# [What to do]
Type out the whole listing again exactly, pictures omitted.

# [Collected data]

Content starts

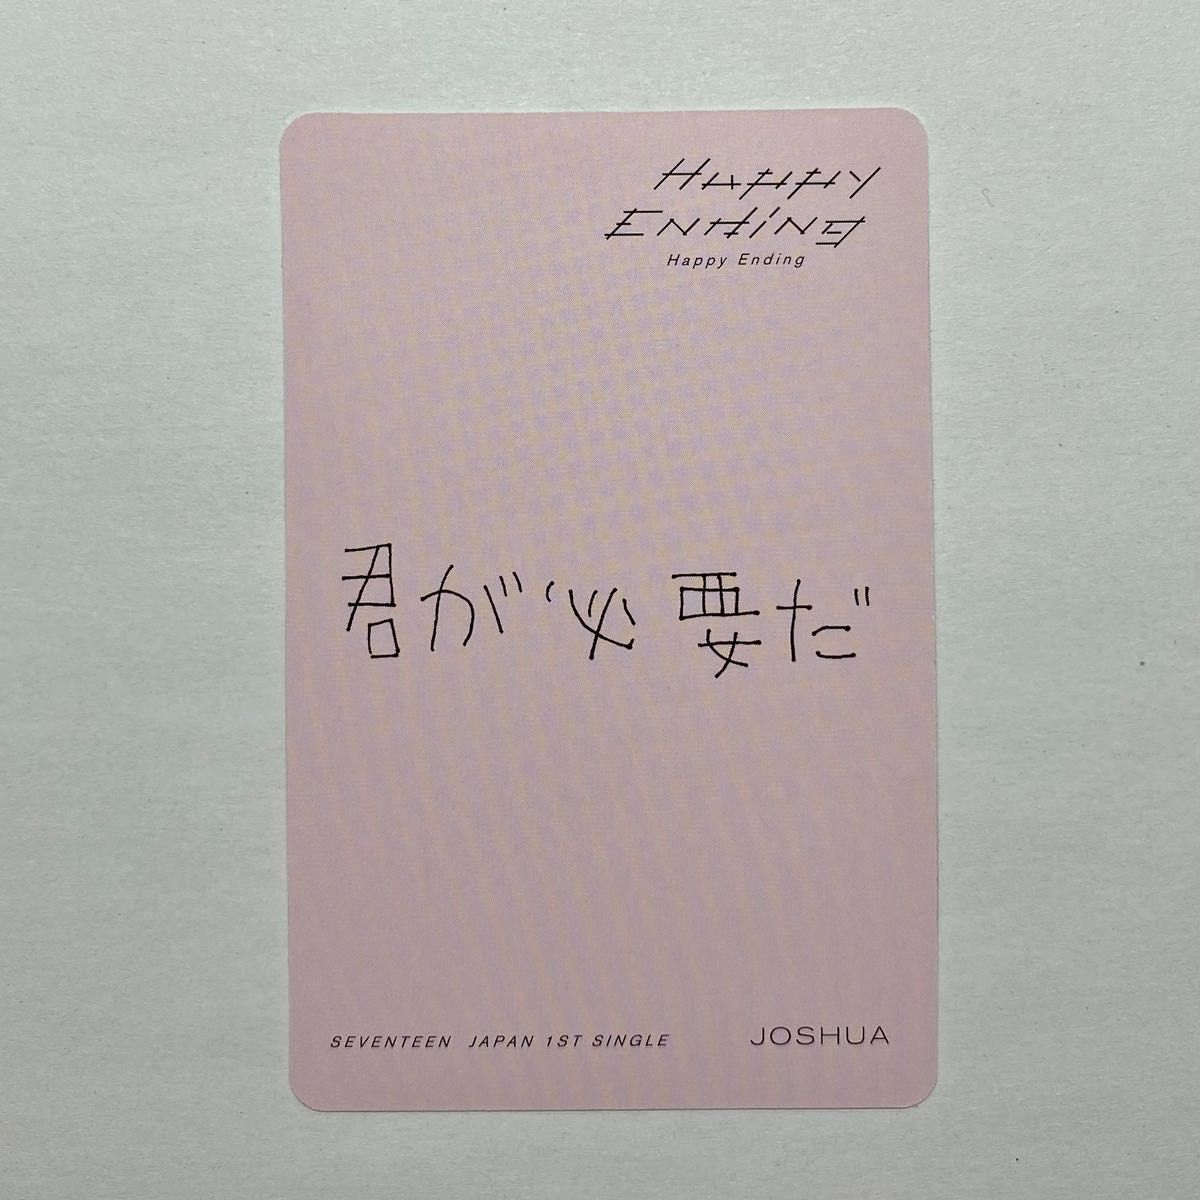 SEVENTEEN ジョシュア トレカ happy ending ハピエン carat盤 JOSHUA セブチ
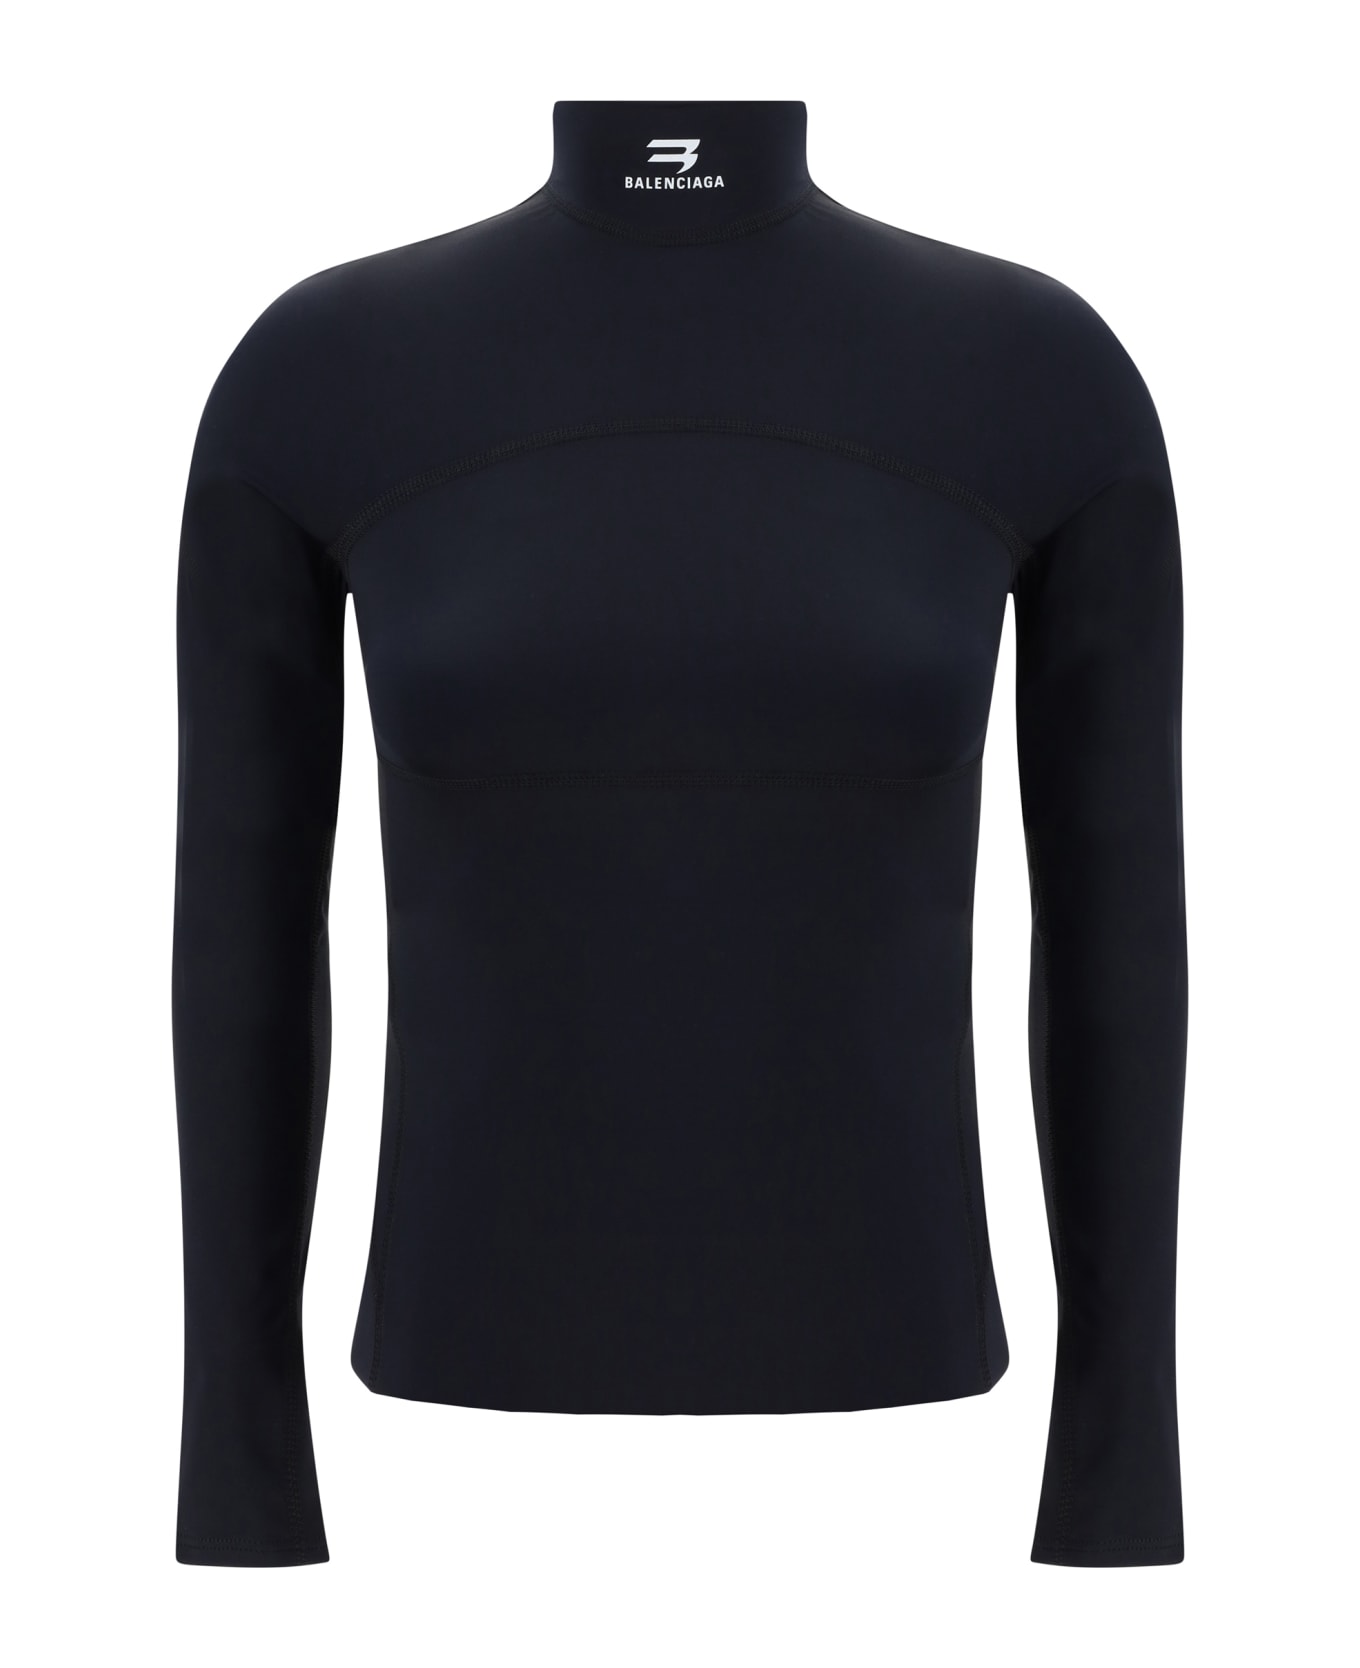 Balenciaga Long-sleeved Jersey - Black
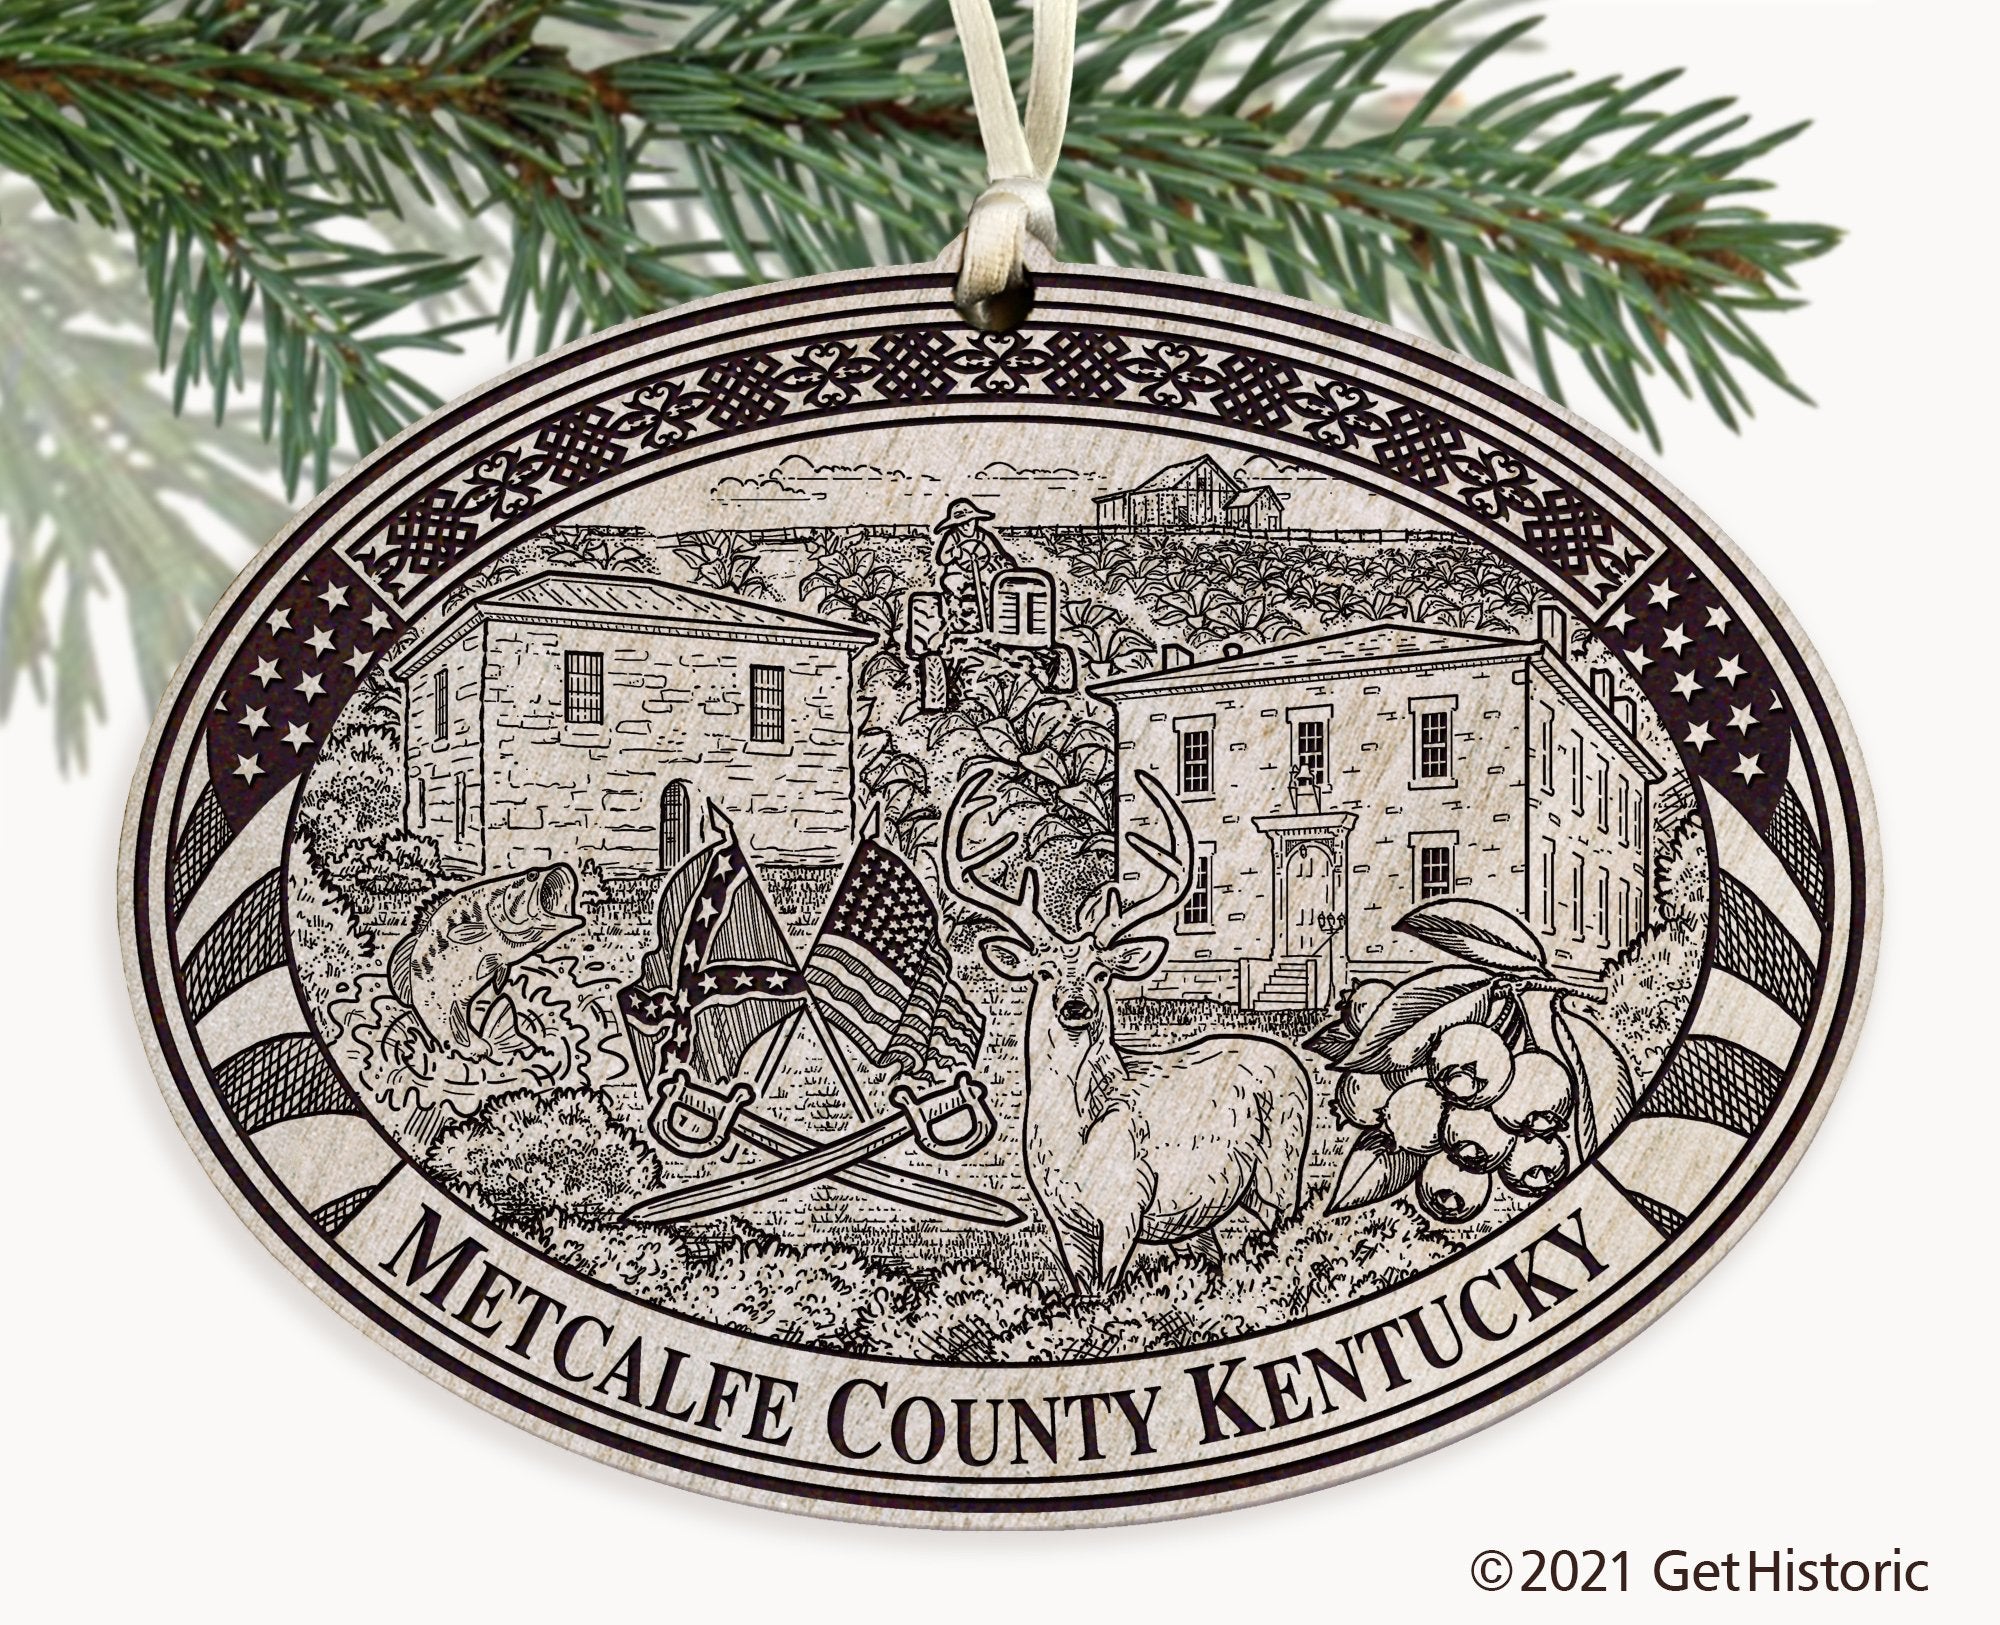 Metcalfe County Kentucky Engraved Ornament

Content ends

# [Task result]
 SEVENTEEN ジョシュア トレカ happy ending ハピエン carat盤 JOSHUA セブチ
 Balenciaga Long-sleeved Jersey - Black
 Metcalfe County Kentucky Engraved Ornament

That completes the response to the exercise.